To do
The whole listing below, with no pictures, is to be repeated as it stands.

Provided material
# # # # #
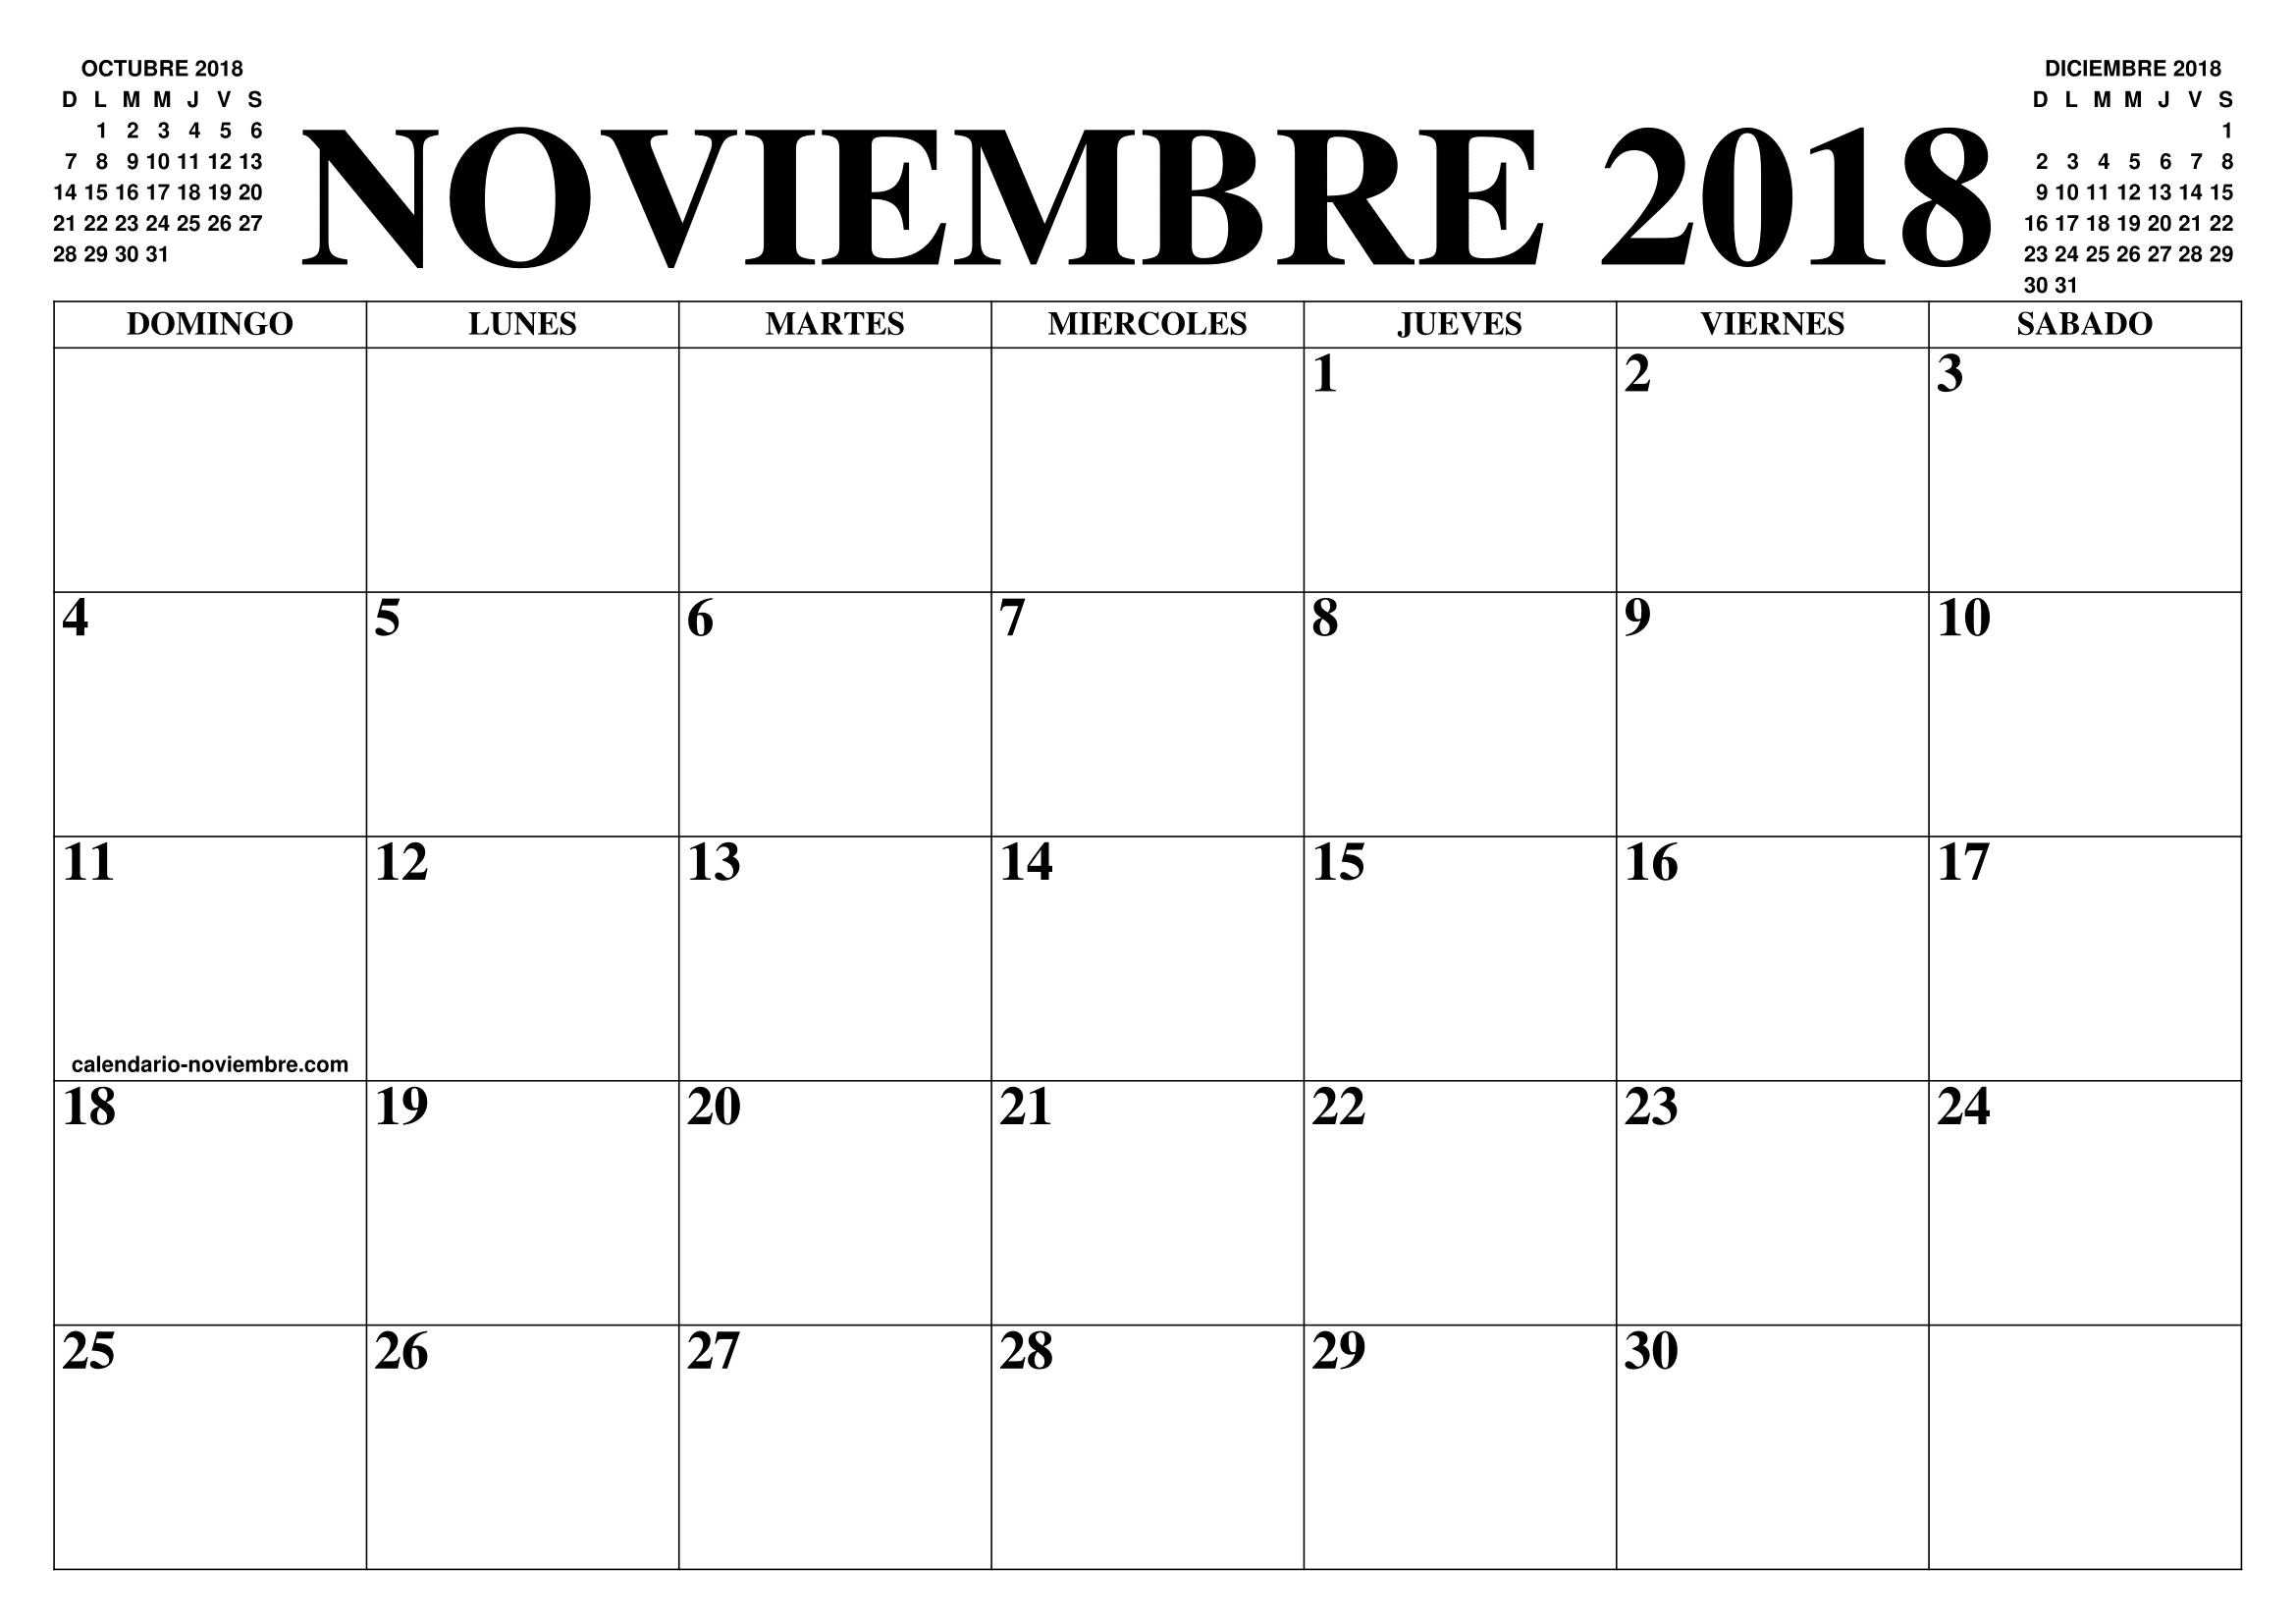 Calendario noviembre 2018 para imprimir for Almanaque de pared 2018
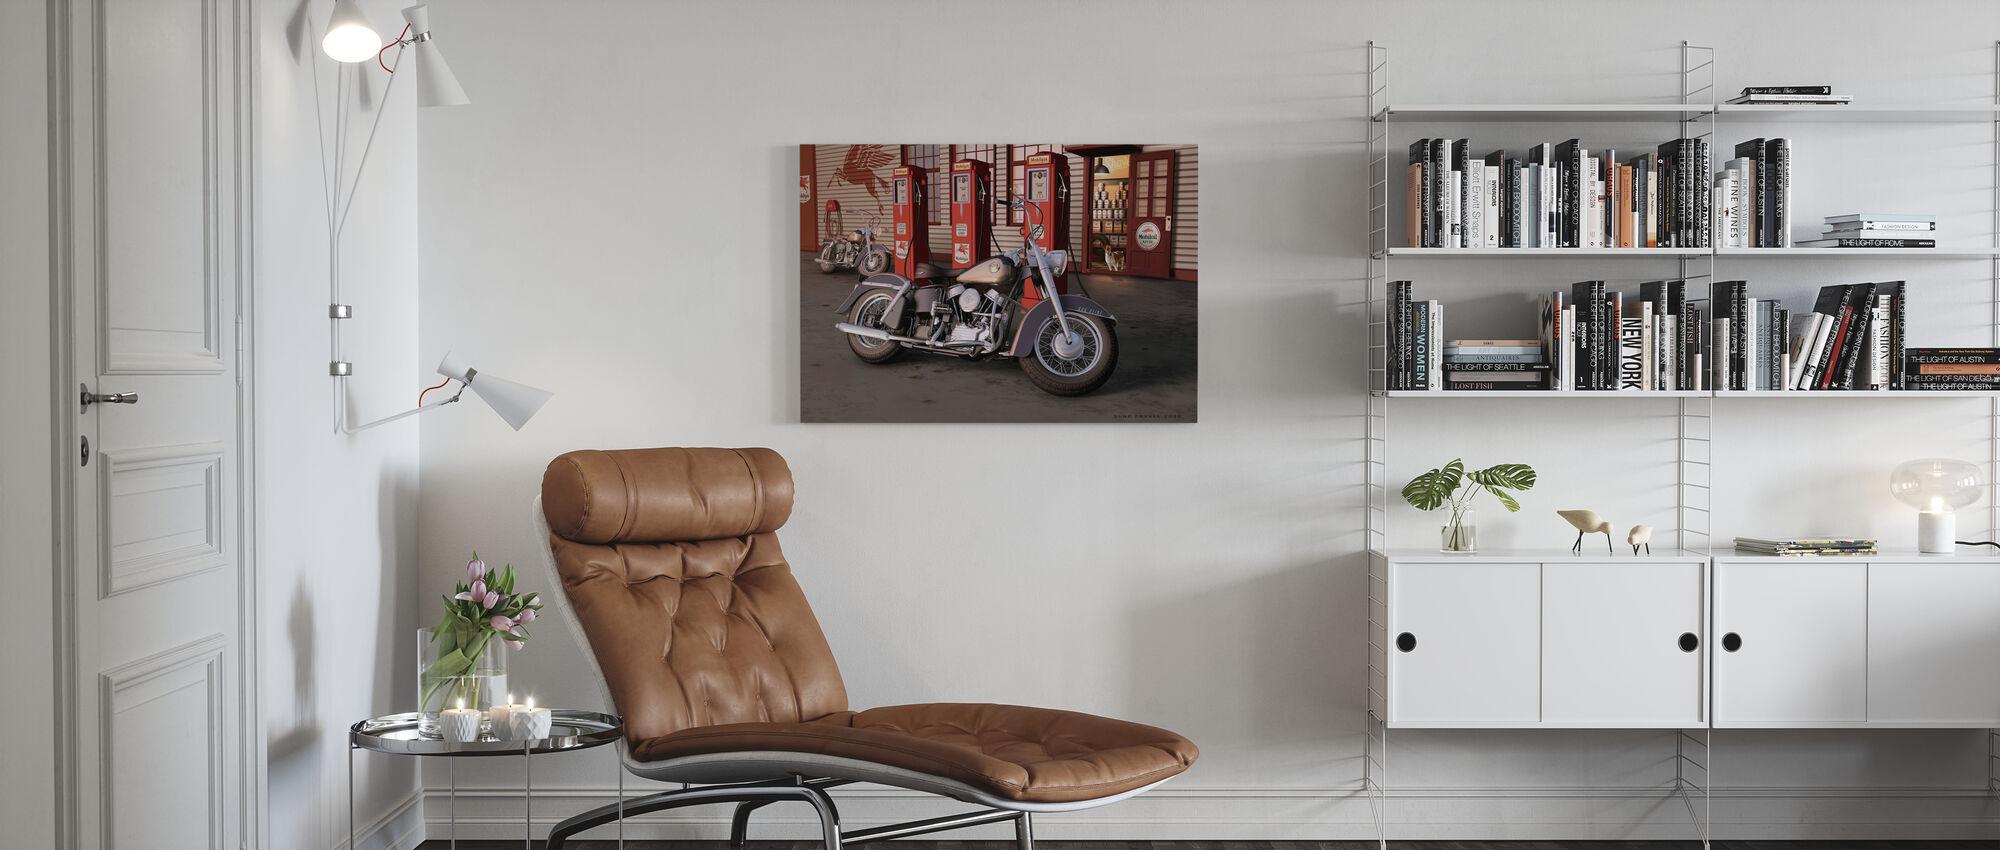 Twilight Dogs - Canvas print - Living Room
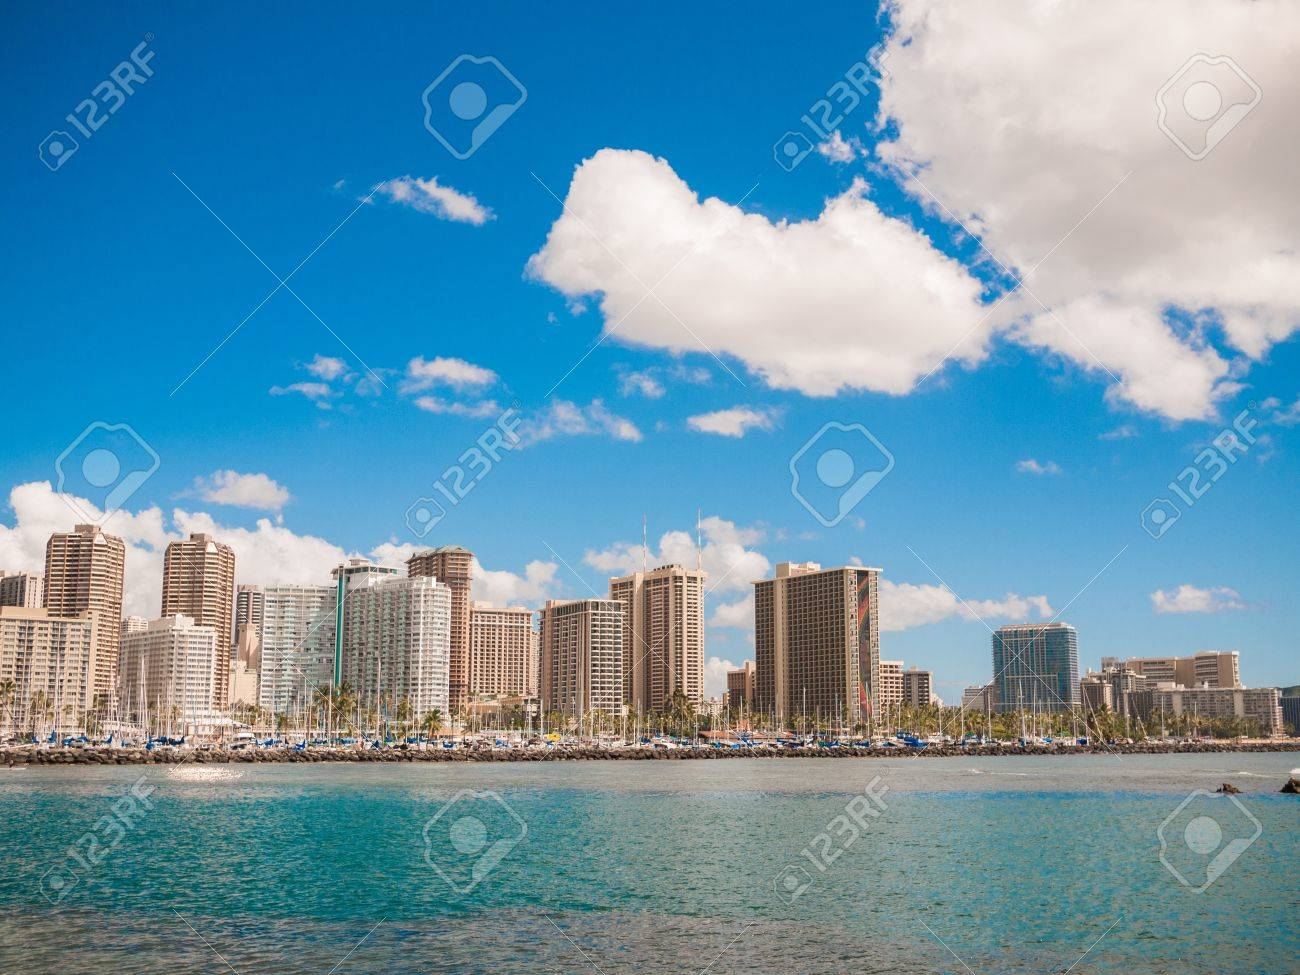 HONOLULU, HAWAII - FEB 2, View of Waikiki Yacht club from Ala Moana beach park with buildings behind Stock Photo - 14916005
# # # # #
Result for this exercise
 Calendario noviembre 2018 para imprimir for Almanaque de pared 2018
 Twilight Dogs - Canvas print - Living Room
 HONOLULU, HAWAII - FEB 2, View of Waikiki Yacht club from Ala Moana beach park with buildings behind Stock Photo - 14916005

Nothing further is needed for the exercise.